→ Your task: Once the line containing "Un torero (Bandarilheiro)" appears, output it and each remaining line of the records below exactly, with no pictures and nothing more.

START Data shown

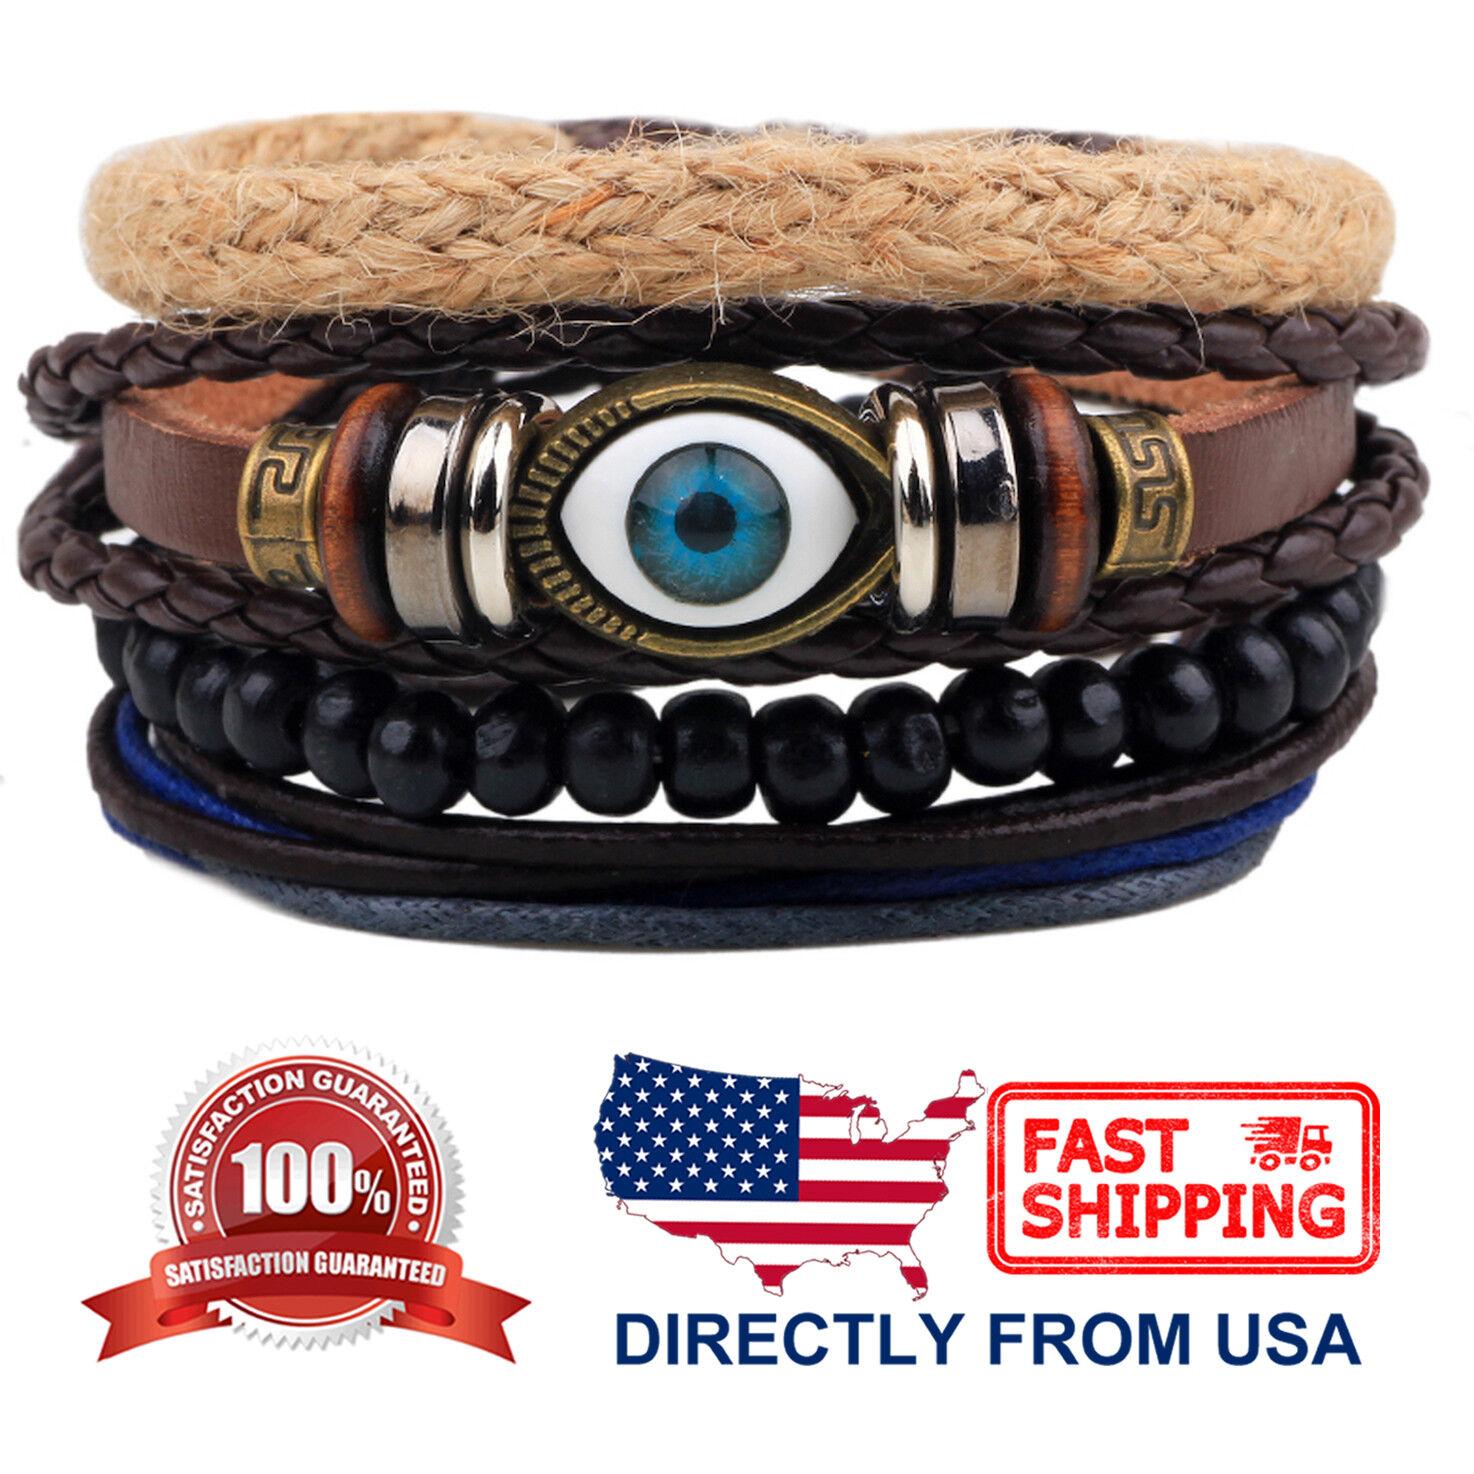 Evil Eye and Tribal Wood Beads Leather Men Women Wristband Bracelet 4pcs Set Bracelets
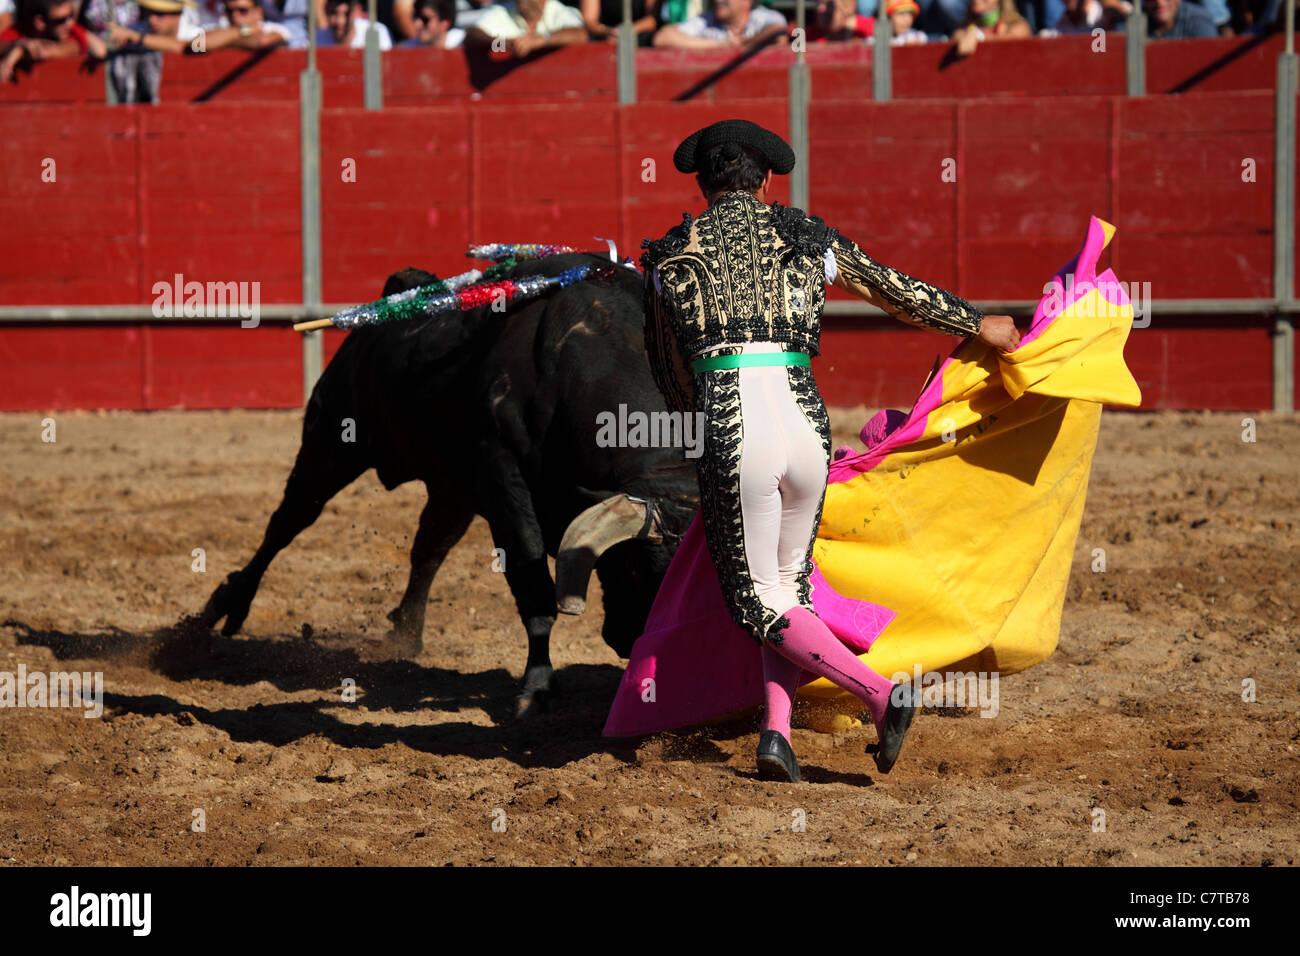 Un torero (Bandarilheiro) en acción durante una corrida de toros. Imagen De  Stock ccb70855880
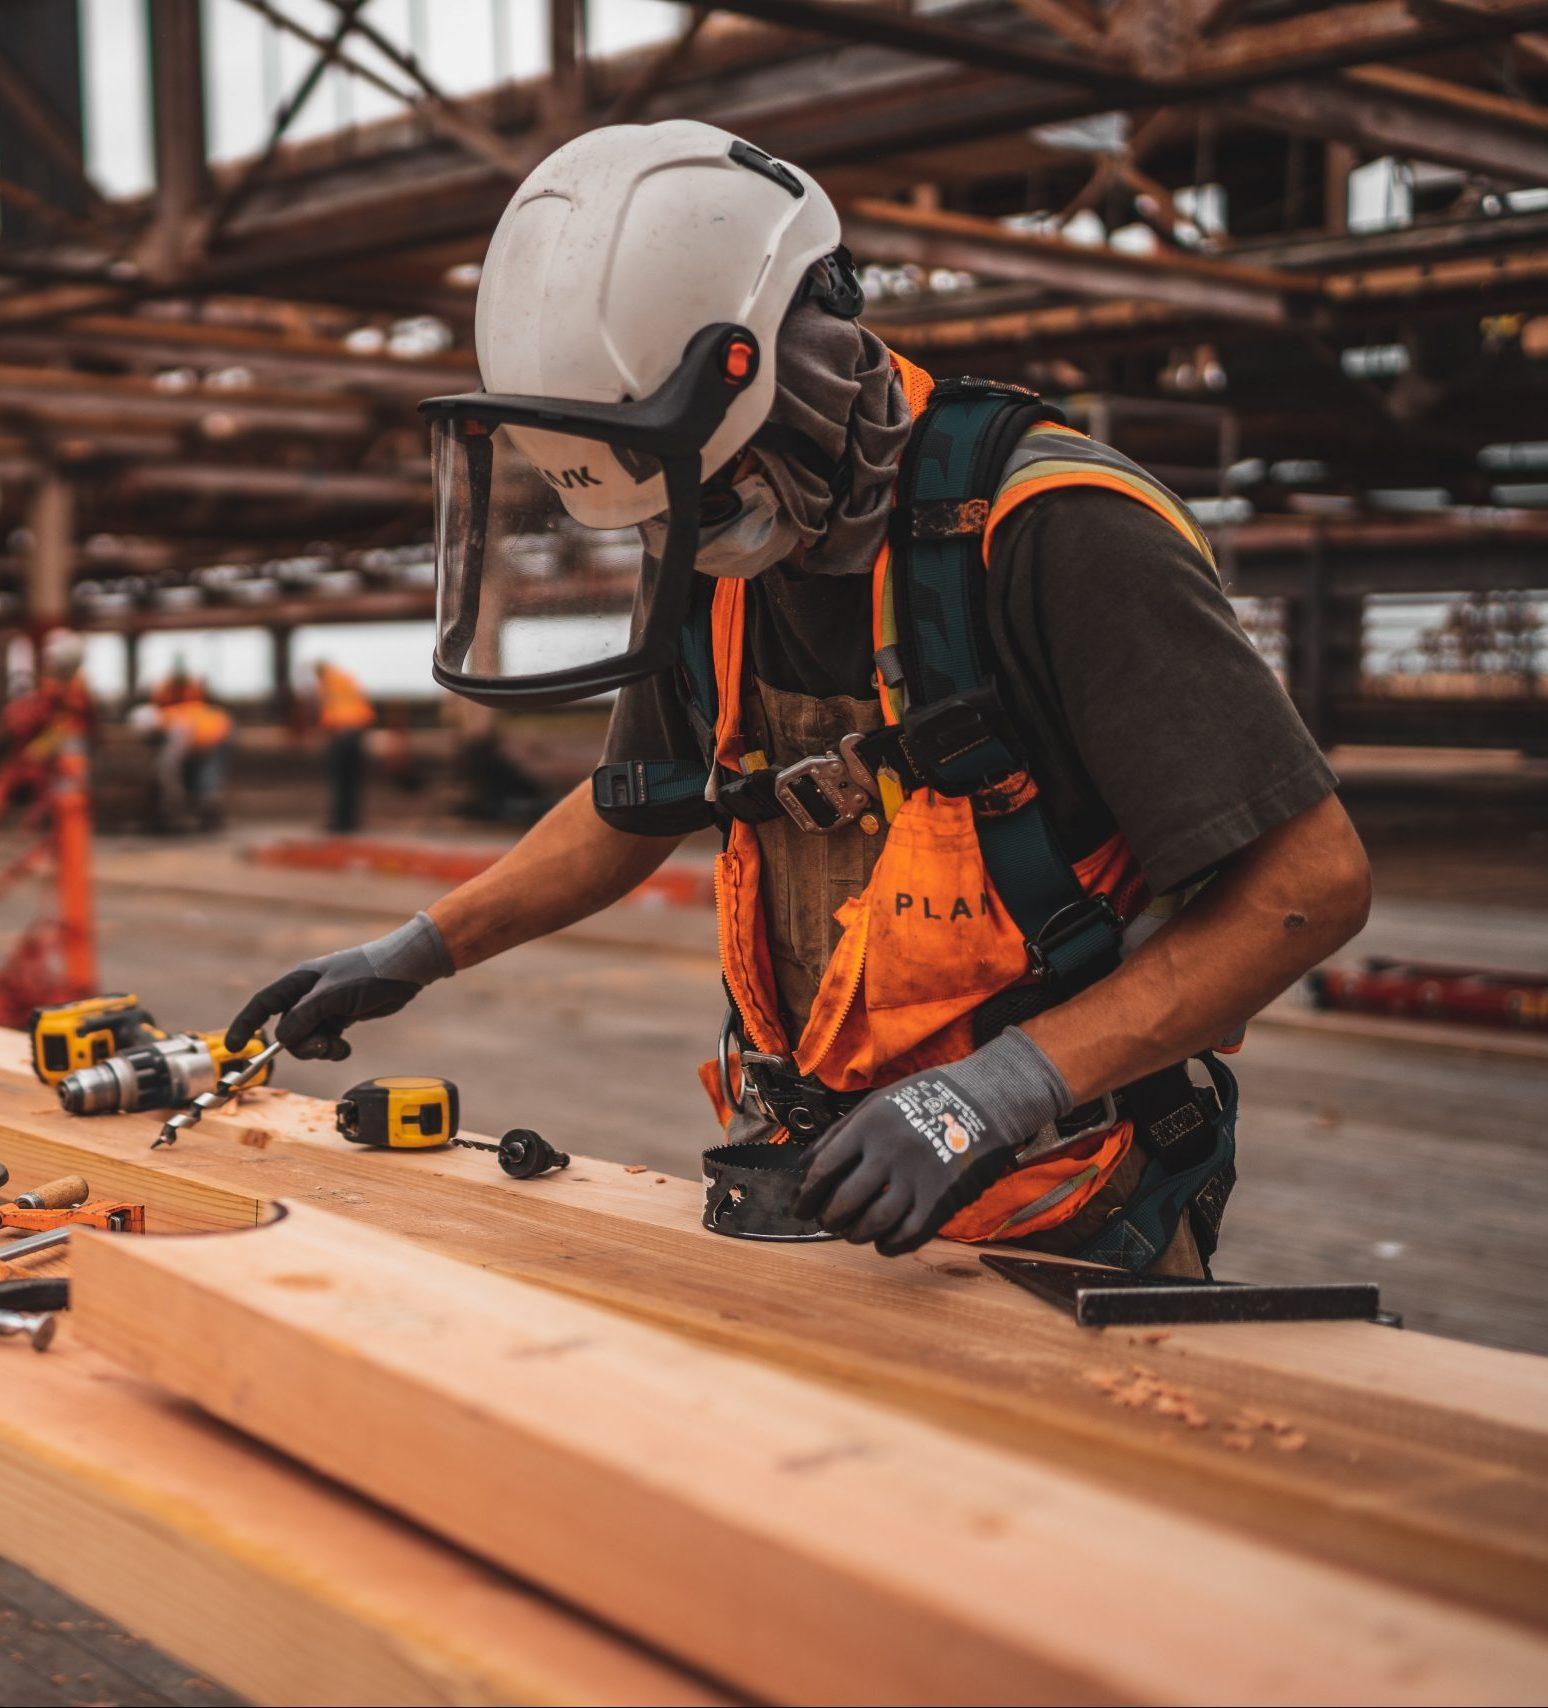 traineeship program in Building & Construction
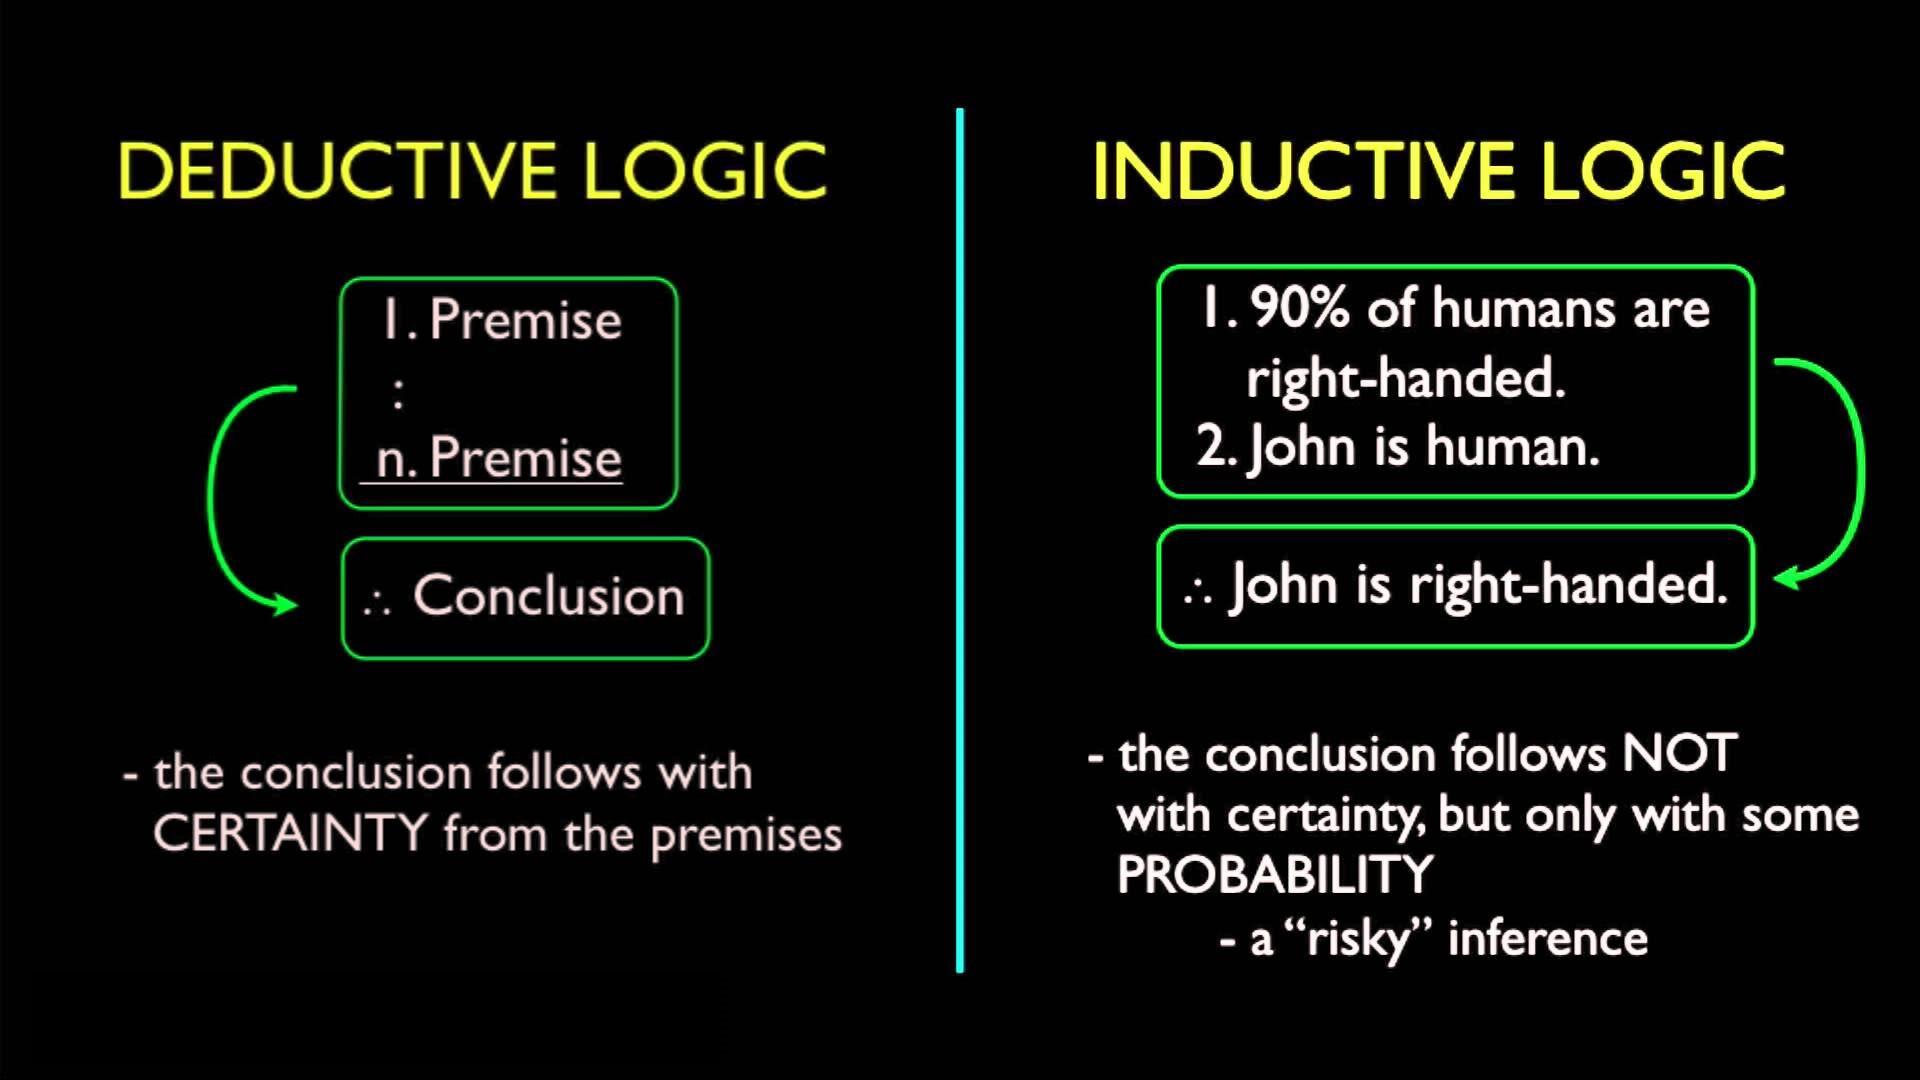 Inductive vs Deductive Logic
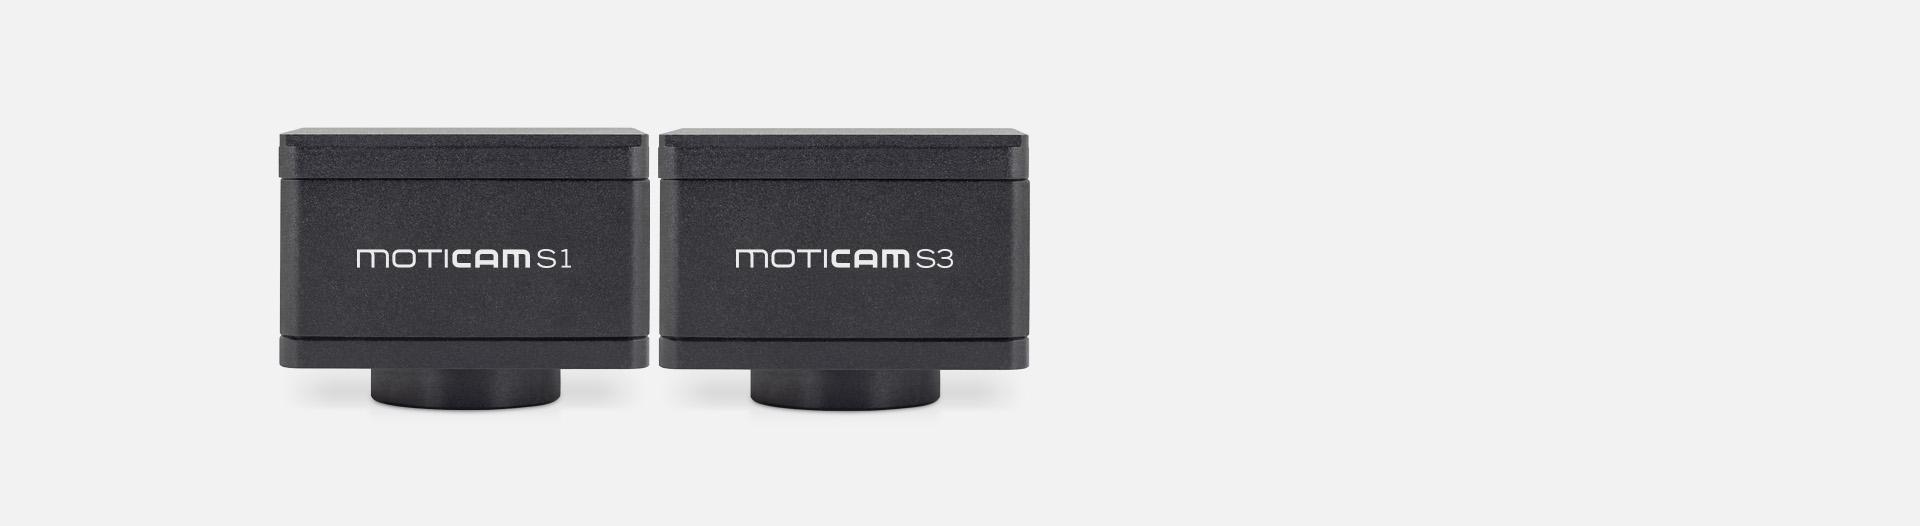 Moticam S1 & S3 USB

END Data shown

→ Task solution:
 Un torero (Bandarilheiro) en acción durante una corrida de toros. Imagen De  Stock ccb70855880
 traineeship program in Building & Construction
 Inductive vs Deductive Logic
 Moticam S1 & S3 USB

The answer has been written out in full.